ACTIVITY:
All of the listing is to be written out word for word, with the pictures left out.

AVAILABLE DATA:
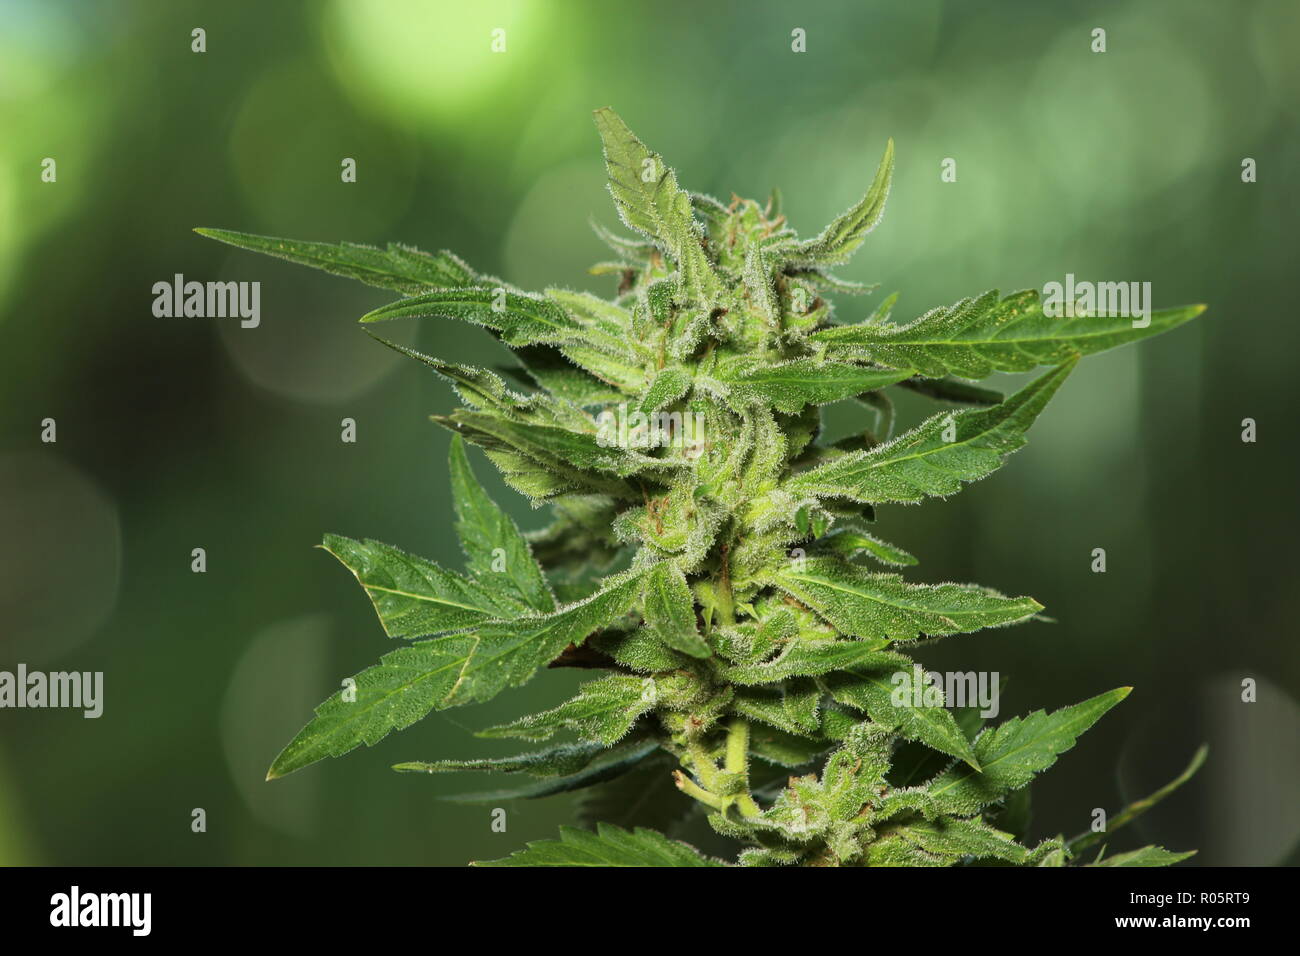 Close up of marijuana plant growing in garden, ready for harvest. Diffuse green background. Stock Photo
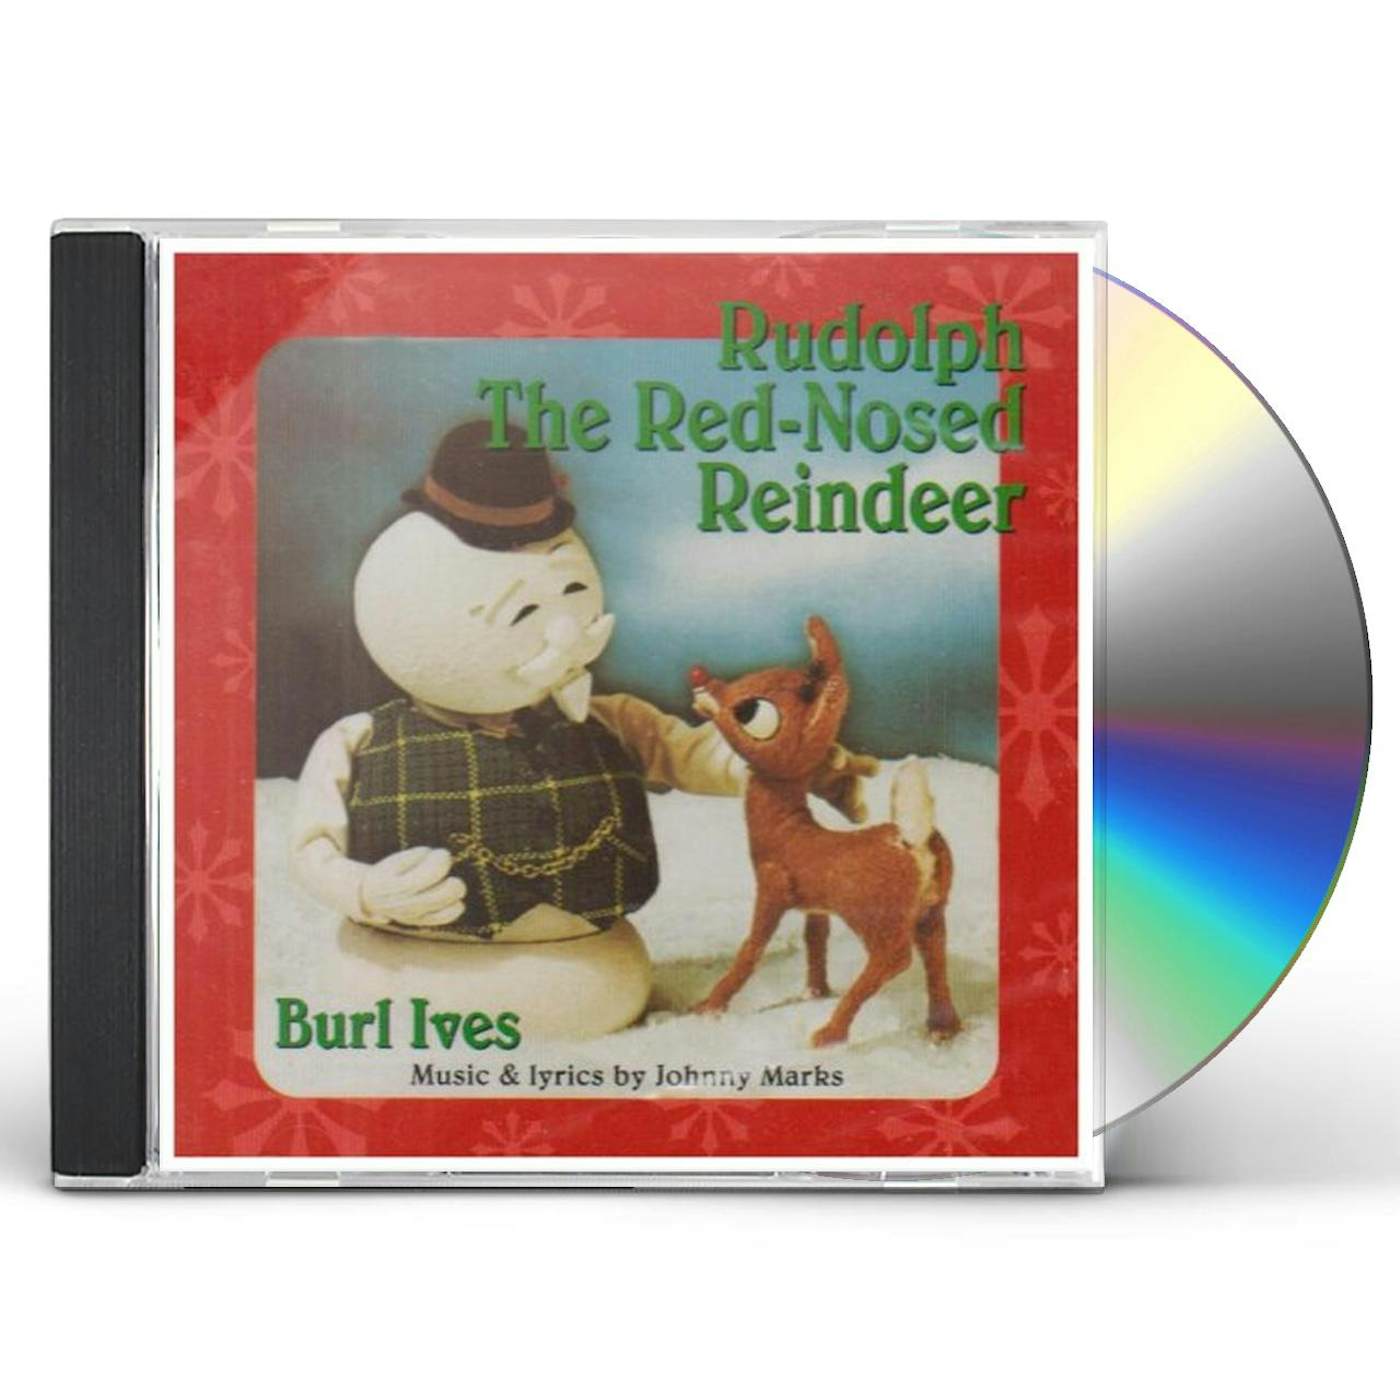 Burl Ives RUDOLPH THE RED-NOSED REINDEER CD
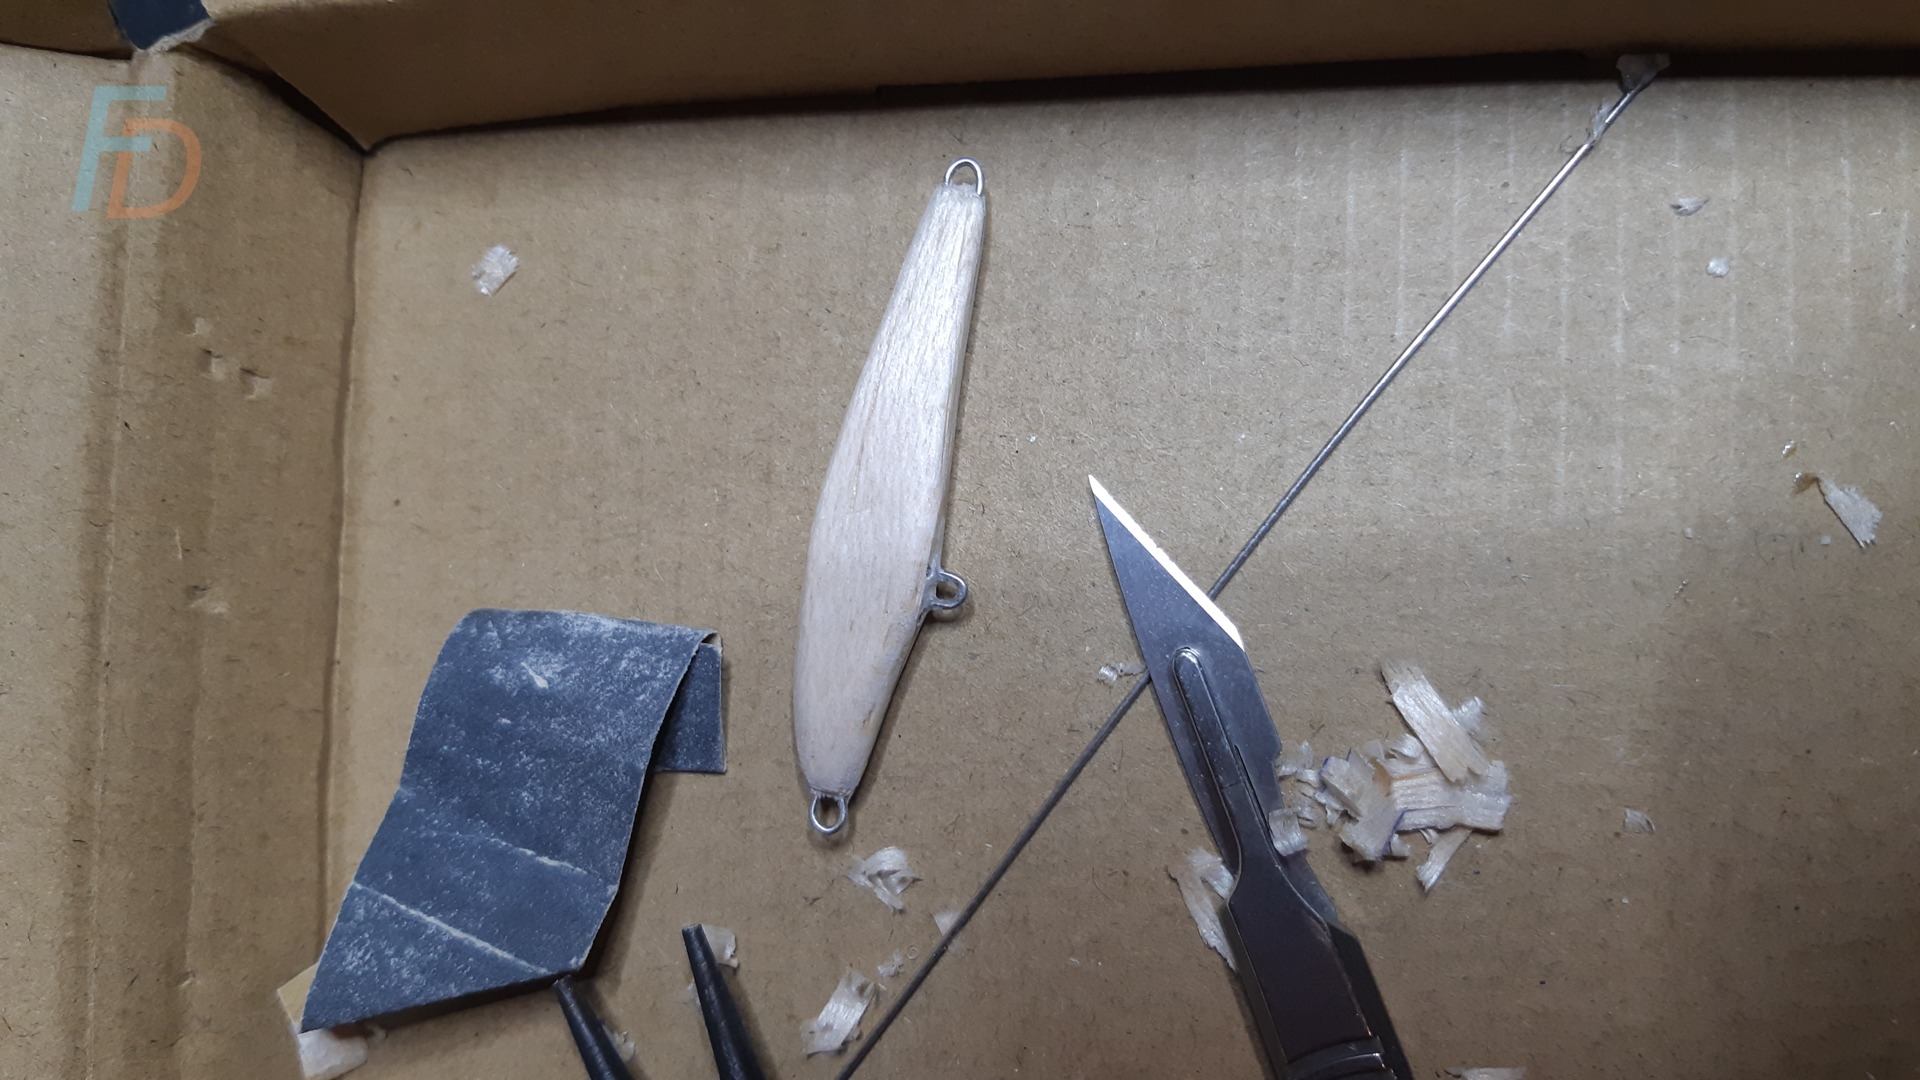 How to make fishing lures: Shaping a Balsa Minnow

YOUR SOLUTION:
 Close up of marijuana plant growing in garden, ready for harvest. Diffuse green background. Stock Photo
 Burl Ives RUDOLPH THE RED-NOSED REINDEER CD
 How to make fishing lures: Shaping a Balsa Minnow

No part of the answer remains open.